As I walk over to the Club, I pray to God, the angels, and Mam and Dad. I ask them to help me through this. I look over at the mountain: the sun is setting, and through a cloud, I see a beam of light. I take this as a sign, and it gives me hope.
I enter the Club, see my friends, and sit down. Roger is drunk. Throughout the night, he starts giving me stinking looks. My friends notice and tell me that they don’t think I should go home tonight. They offer for me to stay at their place. I thank them and accept the offer. Five minutes later, Roger sits next to me and says, “Get your fucking coat. We are going home – and when we get there, I am going to fucking kill you.”

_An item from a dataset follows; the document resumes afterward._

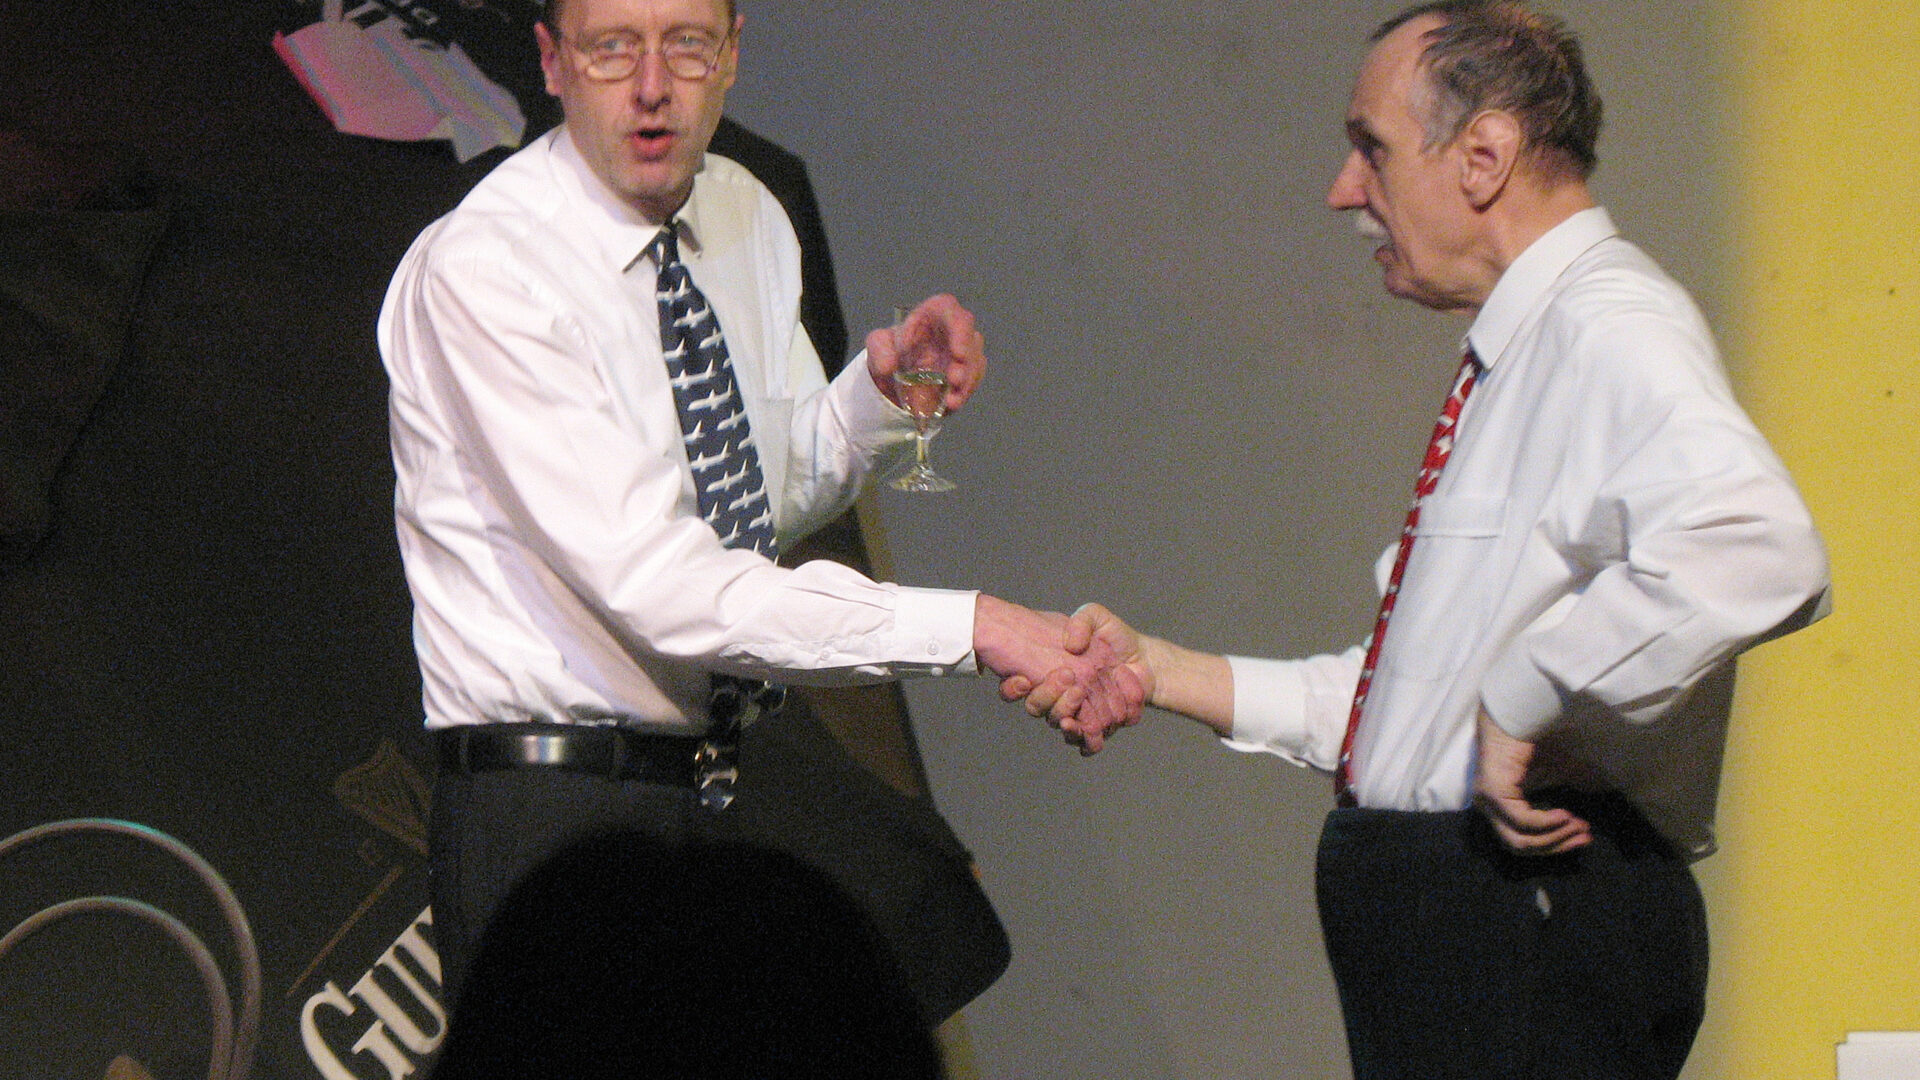 Szenenfoto einer Auffuehrung: Zwei Maenner geben sich die Hand auf einer Buehne.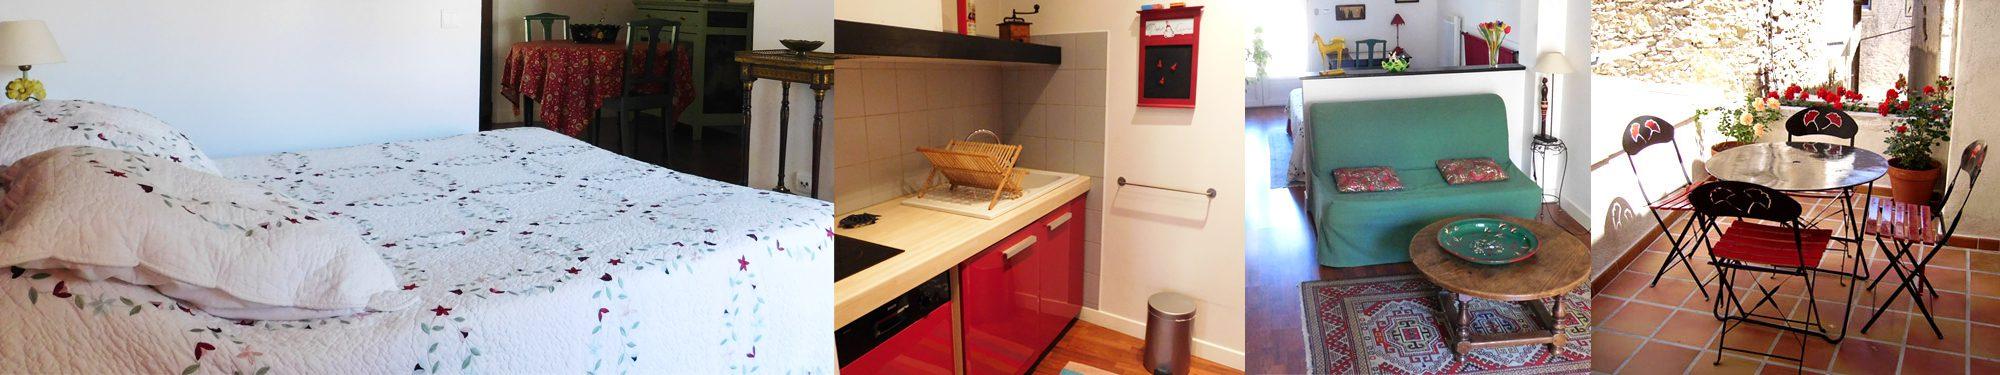 Le meublé «Chez Marguerite» – Chambres d'hôtes Hue le Vent, La Digne-d'Amont

I calmly reply, “Well, I am not going home, then.” I am not afraid of him, and I never have been.
He replies, “Polly is in the house.” I look at the time: it is after eleven. I am scared and pick up my phone to call her, but he grabs my hand and pushes me onto the seat. His mates grab him and pull him off me. He soon storms out of the club. The phone is ringing, and Polly answers. I ask her where she is, and she apologises and says that she is running late and is still on her way home. I tell her to hide around the corner, because Roger has flipped out. I will come and get her.
Twenty minutes later, Polly and I are safe in my friends’ flat, drinking a cup of tea. Polly is telling them that she is so proud of me. She thought I would never leave him. We all laugh. My marriage is over!
The next morning, I wake early and text Lorna to pick us up. Polly is awake and whispering about how flat the pillows are, adding hers is like tissue paper. We dress and go to the bottom of the road, where Lorna has arranged to pick us up. When she arrives I tell her that I want to go pick up my car, because he is not keeping it. Lorna reluctantly drives me to the house. I look through the window and realise that he hasn’t gone home either. I go to the car and tell Polly and Lorna we should go in and let out the dogs. I pick up my car keys and tell Lorna to help me pack up my clothes. Polly has gone to her room to get what she can carry.
Ten minutes later, Roger arrives. He looks like crap and tells me we need to talk. I decline his offer and tell him I am going up my father’s house. I need a few days to think about what I want to do.
As
I enter the bedroom, I notice that Lorna is packing my clothes in record time. Roger comments, “It doesn’t look like it’s only for a couple of days.” Lorna acknowledges him with a nod and carries on packing. I look into my wardrobe: she has stripped it bear and hasn’t left so much as a thong! I am impressed and try not to laugh. She goes upstairs and helps Polly. I can see that Roger is getting flustered, and I call to them and tell them we are leaving now. They take the hint and come downstairs with pillows and boxes.
As we leave, I look at Lorna and comment, “Argh, what about the dogs?”
She replies, “Where the fuck are we going to put them?” I turn and look at our cars. She has filled them to the brim. We burst out laughing.
Roger is coming up the steps and shouting that we need to talk. We decide it’s time to get in the cars and leave.
A Fresh Start
When we get to Dad’s, we empty the cars, and Lorna heads home. I break the news to Sophie and Andy. They laugh about the day’s events and offer to help me unpack. I tell Sophie, “It feels like the stress has been lifted from my shoulders.” I have a day off tomorrow and intend to have the first lie-in I’ve had in years!
The children are happy. I am relieved it is all over and that we are a proper family again. Friday nights become our cinema night. We have takeaway and a film, and it is great, like the old days. I have my family back.